The average (ASYP) and accumulated (CSYP) sediment yield per sub-period were plotted against ANTD, UVSL, and UVSR (Figure 12) to examine the hypothesis that these variables could be correlated. All these scatter plots display point clouds, which represent such types of relationships for the PECPs, including events monitored over the period 2018-2022 and those predicted retrospectively by GeoWEPP up to 1996. In general, the scatter diagrams show a large dispersion of residual values and there appears to be no correlation between morphological bed adjustment classes and sediment production at the basin level. Only in MDR is there a slight fit by polynomial regression of order 2 (r2 ≈ 0.65), that improves significantly at order 4 (r2 ≈ 0.87), when relating the average sediment yield to ANTD and UVSL. The other relationships present scattered and skewed distributions, with groupings of points that, relatively, are somewhat more organized for the cases in which the variable ASYP is considered. In fact, it is clear that ANTD has a chaotic relationship with CSYP, but shows a positive correlation with ASYP. The total lack of relationship between CSYP and ANTD is explained if it is taken into account that the net variations in bed elevation are due more to the effects of specific chronologically consecutive events of different classes than to the cumulative production of sediments in a given period.
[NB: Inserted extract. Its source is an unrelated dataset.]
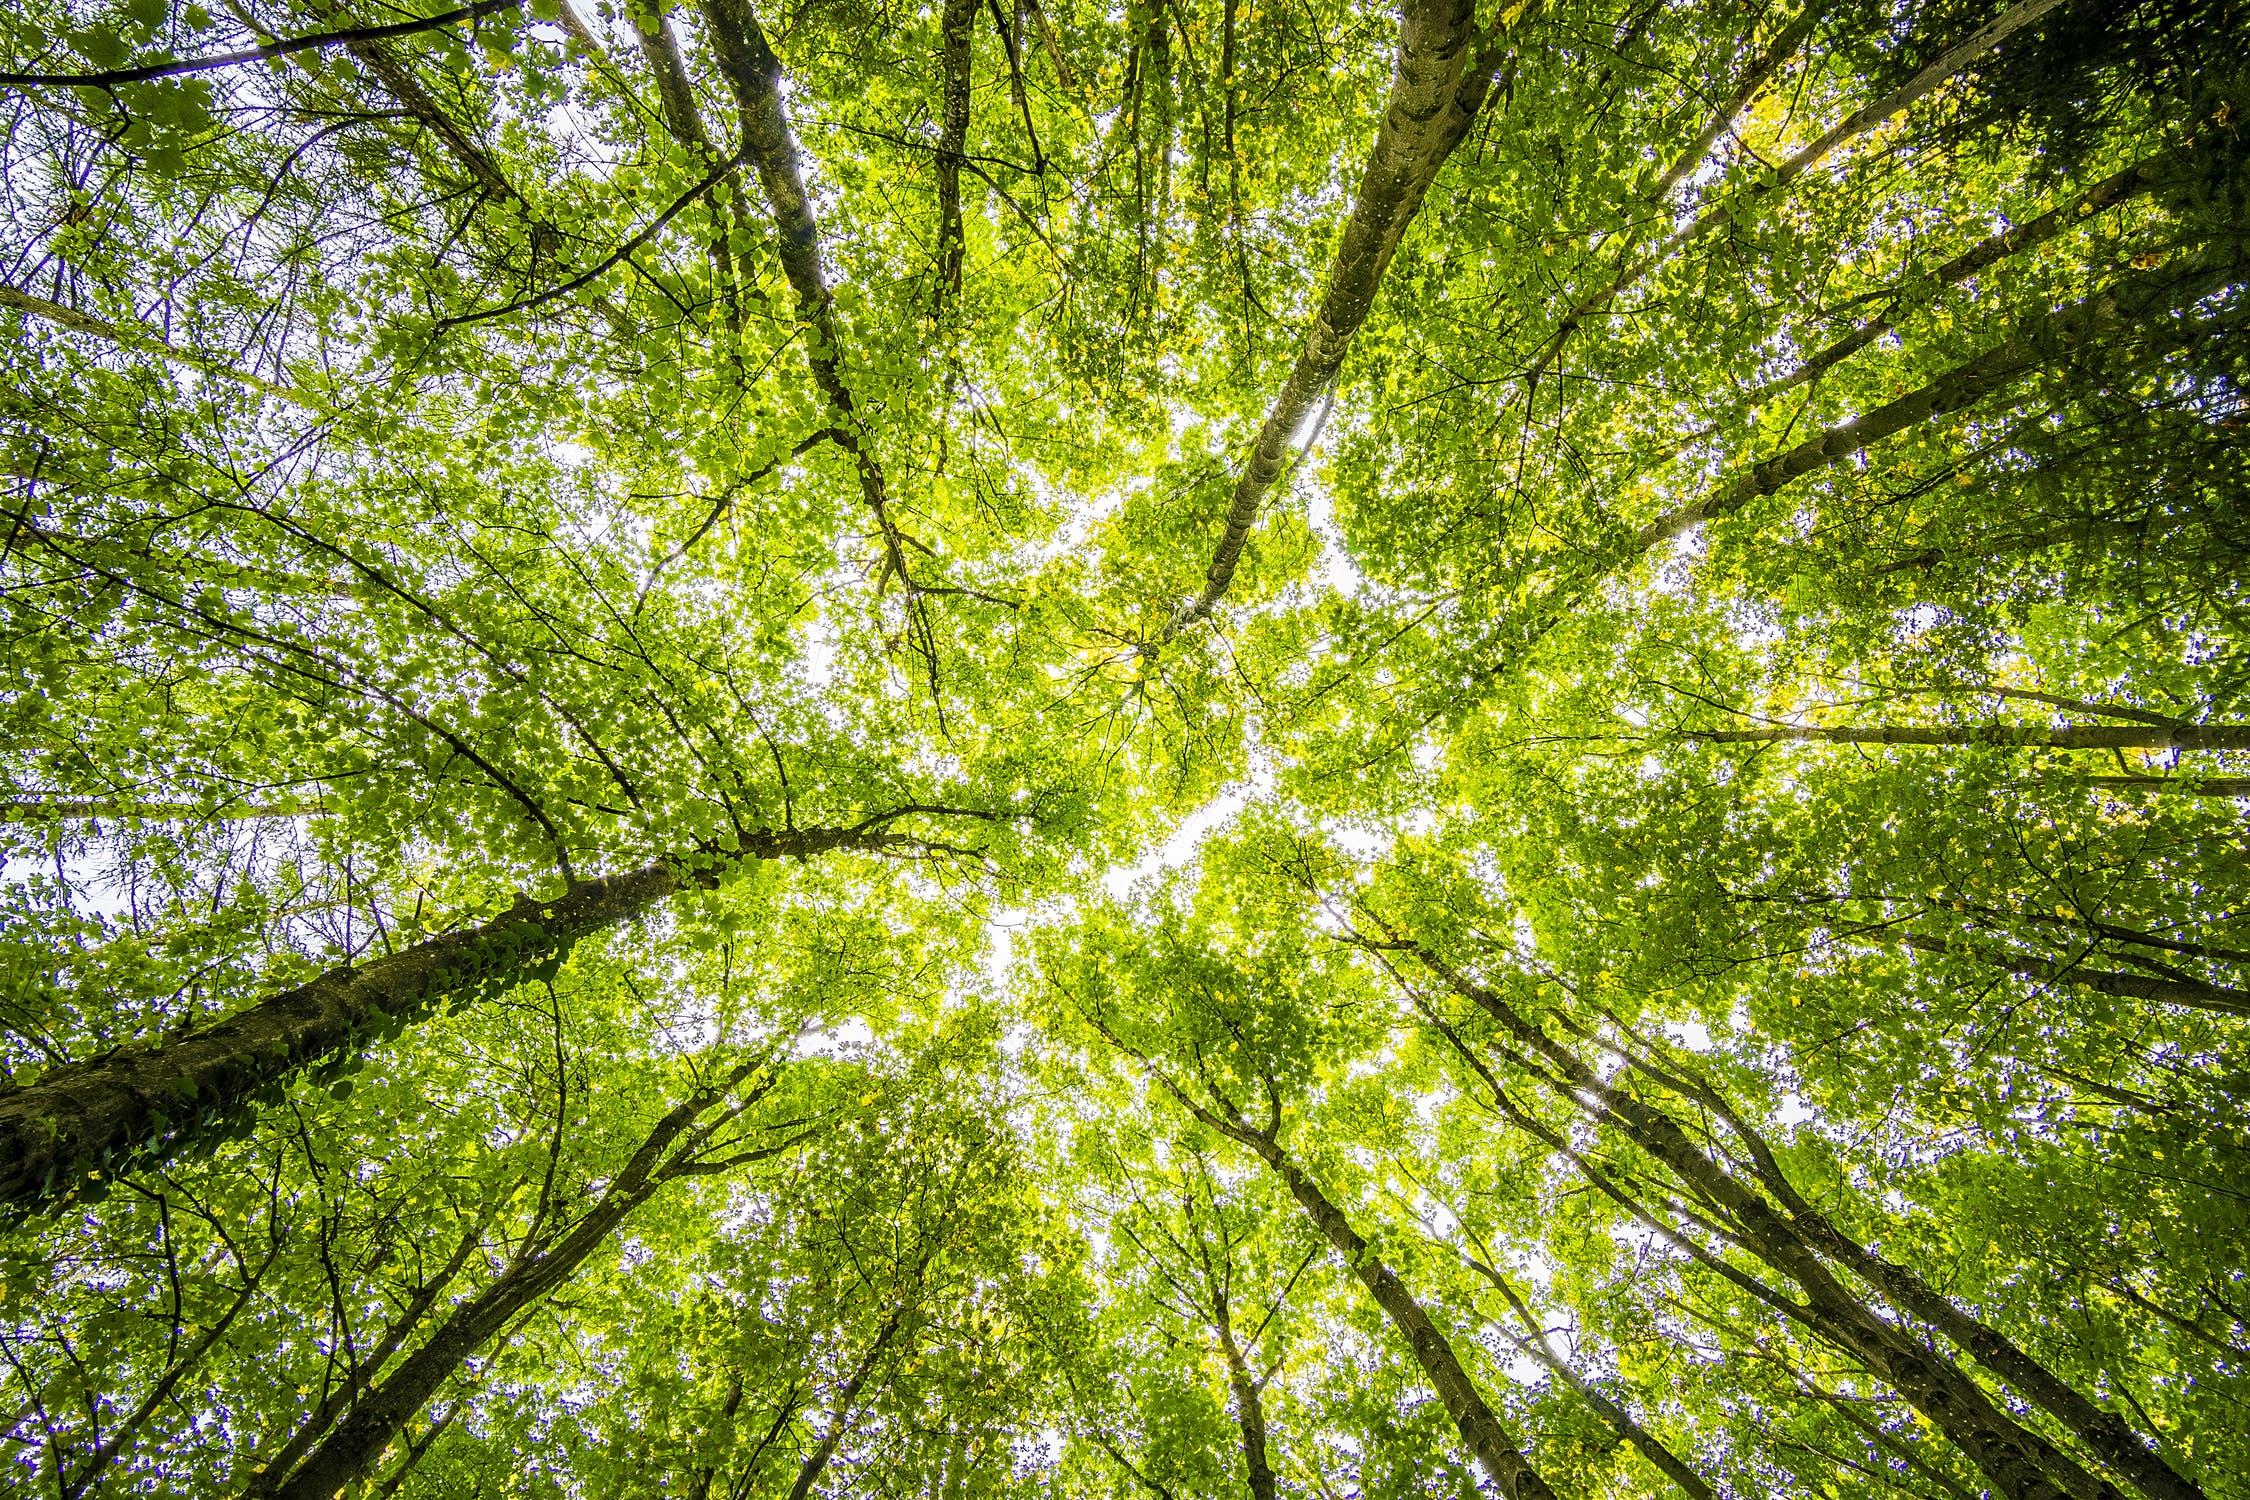 Октябрьский лесхоз на хорошем счету среди лесных предприятий Гомельщины

Regarding the relationships between the unit volumes of net erosion or deposition and the average or accumulated values of sediment delivery, no clear trends of unique statistical populations are observed, but rather dual behaviors in both sections. Only in the middle reach can a decrease in UVSL as ASYP increases be verified. In the other cases the same pattern seems to be repeated: two groups per RCR with unequal behavior in relation to different contributions of sediments from their respective catchment areas. For both groups of PECPs, bed lowering occurred in UPR with less sediment generated at the basin level than in MDR. The first group identified in UPR includes events that originated a moderate mean sediment production (1000 to 3100 tn) and an average unit scouring volume of 0.22 to 0.35 m3 m-2. This same group of PECPs exhibited somewhat lower bed downcutting rates in MDR (0.23 to 0.28 m3 m-2), associated with slightly higher ASYP values (2000 to 4100 t). The second set of points reflected UVSL growth with ASYP, which generally showed a positive relationship through a gently sloping trend line, representing a low range of bed incision, accompanied by lower average sediment supply in UPR than in MDR.
Figure 12. Average and cumulative sediment yield per PECP sub-period (ASYP and CSYP, respectively), estimated at the entrance of the upper (UPR) and middle (MDR) channel reaches, versus ANTD, UVSL, and UVSR.
Figure 12. Average and cumulative sediment yield per PECP sub-period (ASYP and CSYP, respectively), estimated at the entrance of the upper (UPR) and middle (MDR) channel reaches, versus ANTD, UVSL, and UVSR.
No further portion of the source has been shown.